Update: The full comments from Paul Ryan on video -
Charles Krauthammer has read the proposed budget and gives us his bill of particulars:
. . . The budget touts a deficit reduction of $1.1 trillion over the next decade.
Where to begin? Even if you buy this number, Obama’s budget adds $7.2 trillion in new debt over that same decade.
But there’s a catch. The administration assumes economic-growth levels higher than private economists and the Congressional Budget Office predict. Without this rosy scenario — using CBO growth estimates — $1.7 trillion of revenue disappears and U.S. debt increases $9 trillion over the next decade. This is almost $1 trillion every year.

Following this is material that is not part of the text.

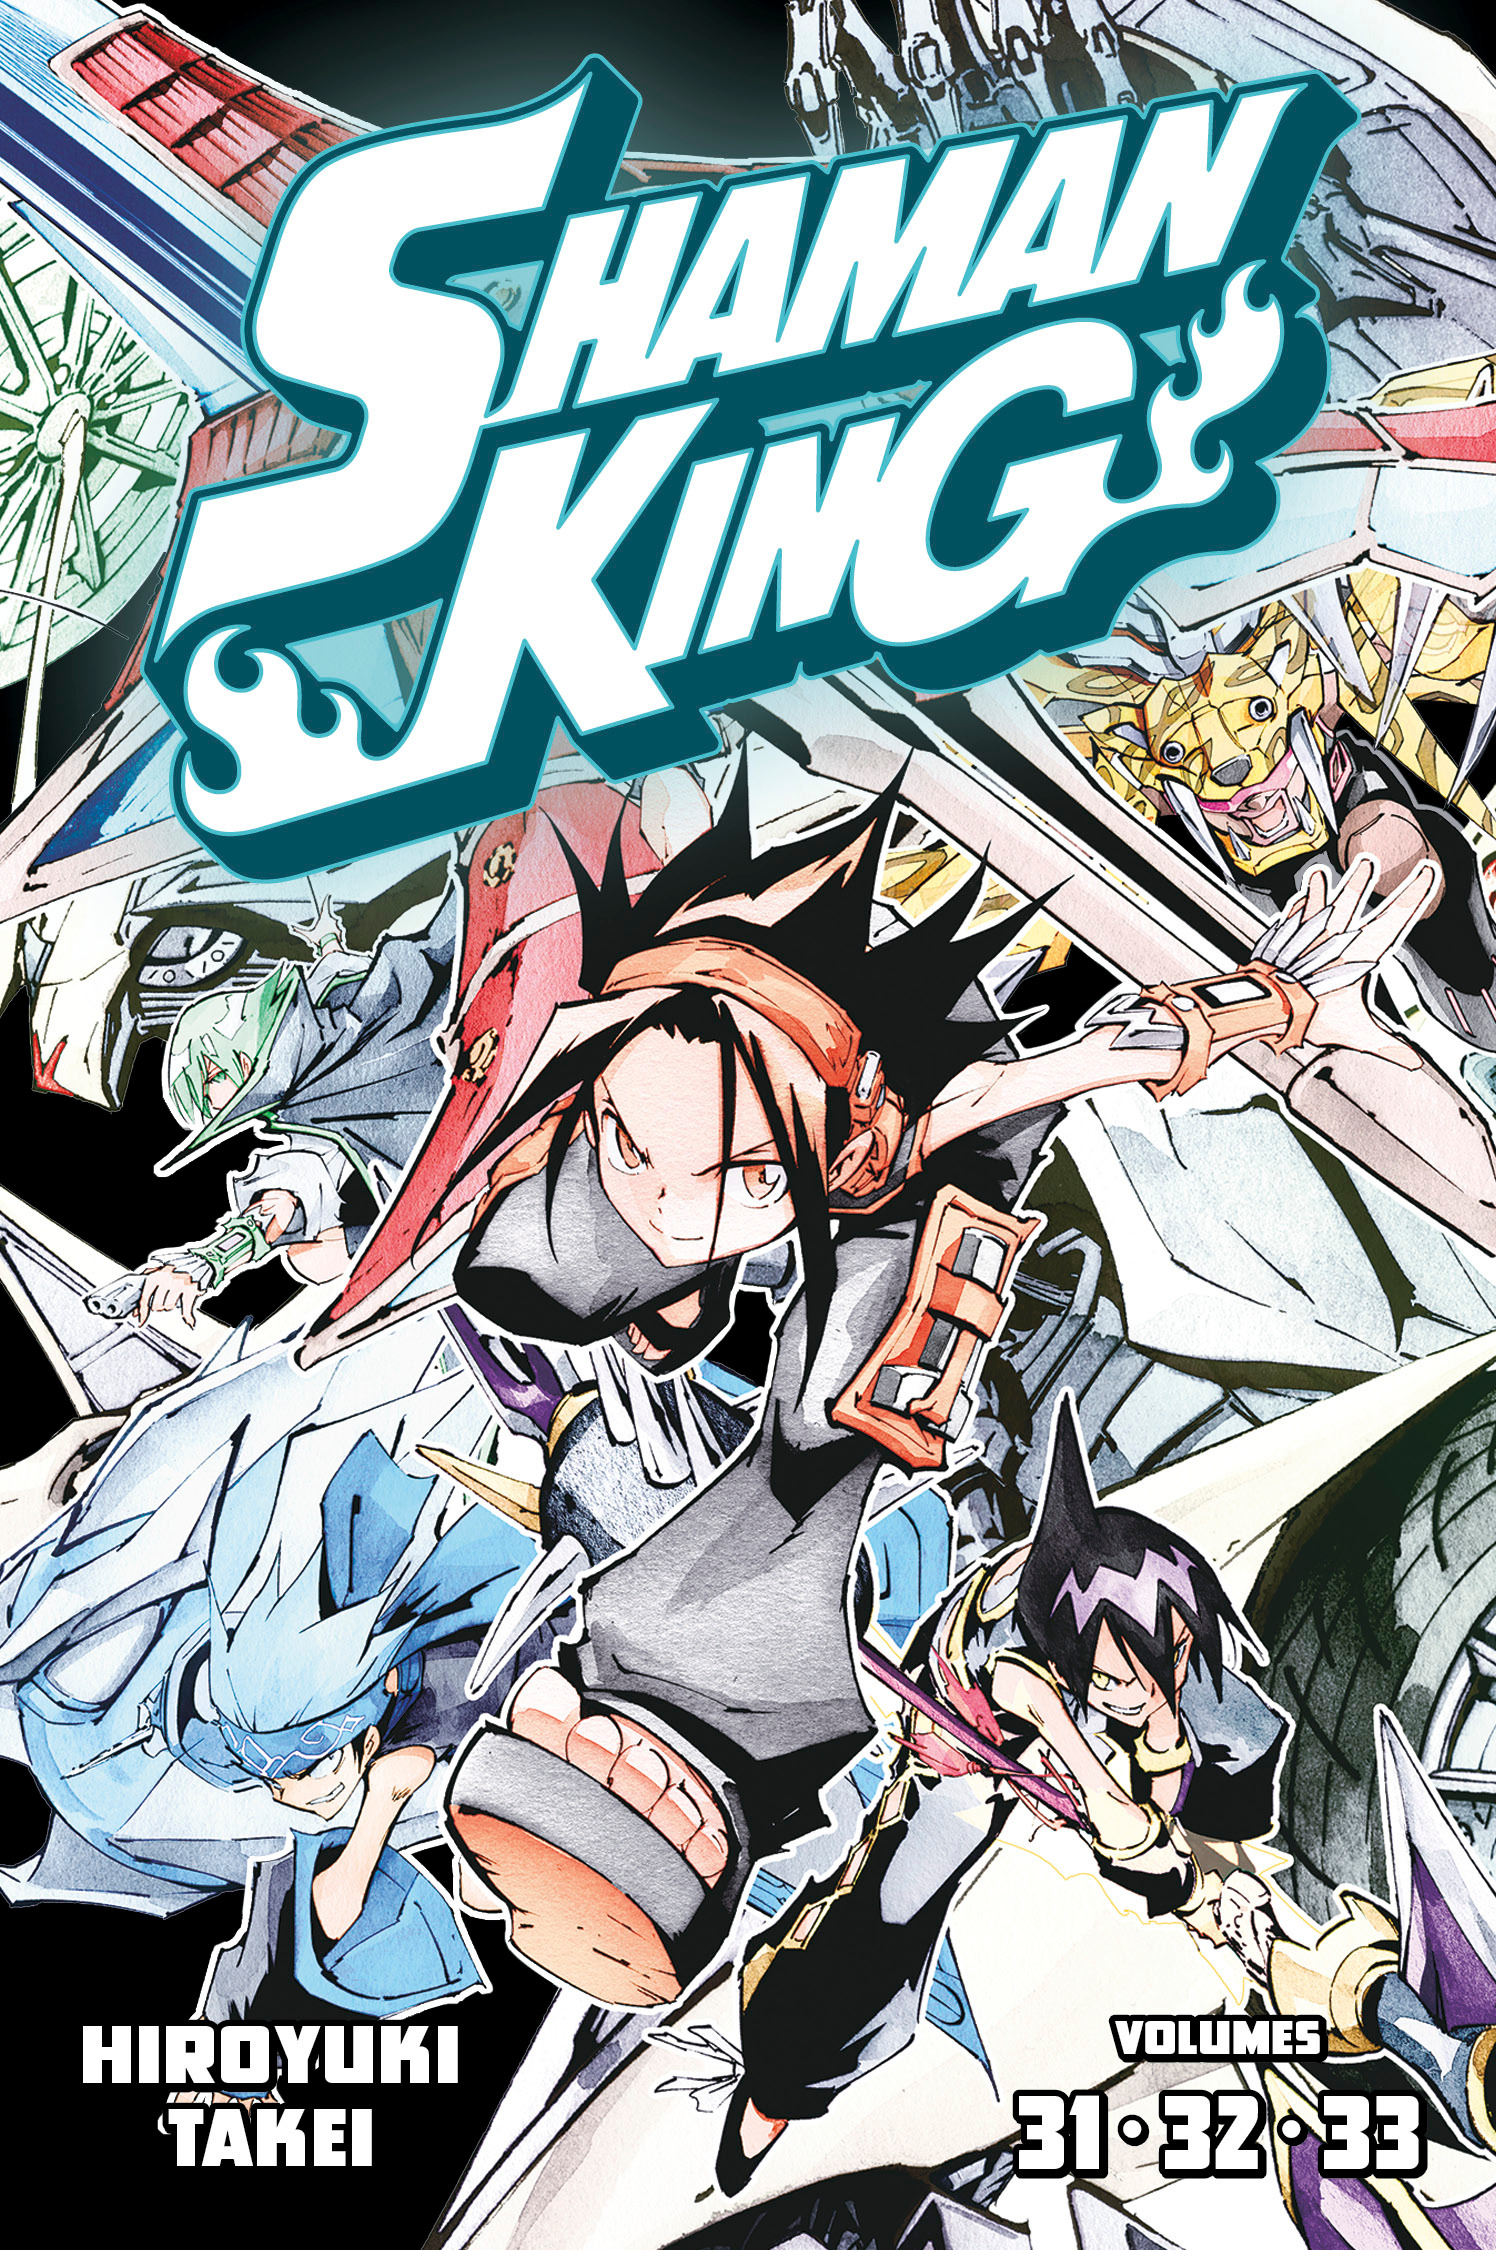 Shaman King Omnibus Manga Volume 11 (Vol 31-33)

Assume you buy the rosy scenario. Of what does this $1.1 trillion in deficit reduction consist? Painful cuts? Think again. It consists of $1.6 trillion in tax hikes, plus an odd $328 billion of some mysterious bipartisan funding for a transportation trust fund (gas taxes, one supposes) — for a grand total of nearly $2 trillion in new taxes.
Classic Obama debt reduction: Add $2 trillion in new taxes, then add another $1 trillion in new spending and, presto, you’ve got $1 trillion of debt reduction. It’s the same kind of mad deficit accounting in Obamacare: It reduces debt by adding $540 billion in new spending, then adding $770 billion in new taxes. Presto: $230 billion of “debt reduction.” . . .
And what of those “painful cuts” Obama is making to programs he really cares about? The catch is that these “cuts” are from a hugely inflated new baseline created by the orgy of spending in Obama’s first two years. These were supposedly catastrophe-averting, anti-Depression emergency measures. But post-recession they remain in place. As a result, discretionary non-defense budget levels today are 24 percent higher than before Obama — 84 percent higher if you add in the stimulus money.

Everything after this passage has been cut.